As David (aka Pumpjack) was away in Mexico making wine for a winery there, I was getting my instructions from a long way away, and generally with a 24 hour delay in question and response. But as the tests progressed I started to get a sense of what to do and why.

The first test I did was with a hydrometer, which looks like a long thermometer. You collect about 10 grape bunches, enough anyway to make about 500ml of juice. Bunches are collected from the same grape variety but in various places in the vineyard, to give a better indication of how the whole crop is doing. We have 3 varieties: Chardonnay, Pinot Noir and Pinot Meunier (a classic combination for sparkling). We have so few Chardonnay grapes I was too cautious and did not collect enough to get the requisite quantity of juice to do the test. But with the others I did manage.

Once you collect the grapes, you squish them (this is were feet can come into it, but I used a fingers and a sieve). Then you pour the juice into a tall beaker and float the hydrometer in the juice.
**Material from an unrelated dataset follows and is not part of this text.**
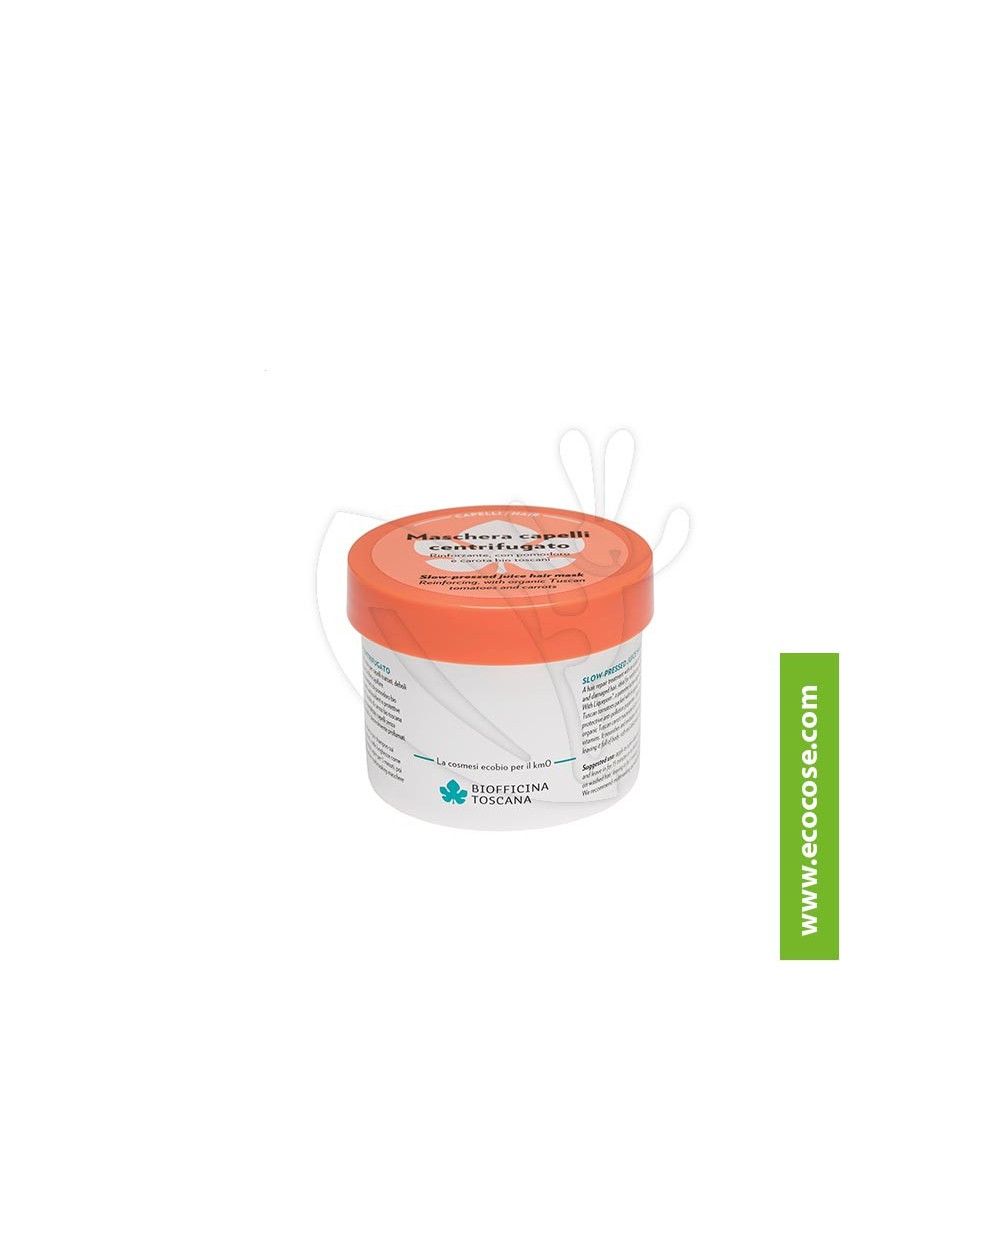 Biofficina Toscana - Maschera capelli centrifugato

The reading is taken from the mark on the hydrometer where it meets the top of the juice.

You then repeat this test every few days, for me it was every 5 days, and record the changes in the readings. They should increase each time and it helps you plot when to anticipate your harvest.

Now because we didn’t have enough Chardonnay grapes to spare to conduct this type of test repetitively, and also it is not the most accurate way to read the sugars, we invested in a refractometer. They cost about 60€, but is money well spent in my book. It allows you to test individual grapes rather than whole bunches. You can either test each grape, making notes as you go along, or what I did was collect about 100 grapes, again of the same variety, but making sure they were from varied locations in the vineyard as well as varied locations on the actual bunches. Again, I squished them, and then I put a couple drops of the juice on the refractometer and it gave me my reading.  Much easier, much faster, a bit more accurate, and I could do it all whilst in the vineyard.

As I did each test and could clearly start to see the fairly consistent rise in the sugars, I started to panic less about David’s delayed return. In fact is has timed out beautifully. He arrived back on Monday and we are anticipating harvest for next Monday ~ assuming the birds, the bees and our duck  don’t get to everything first.  Time to make more scare CD’s.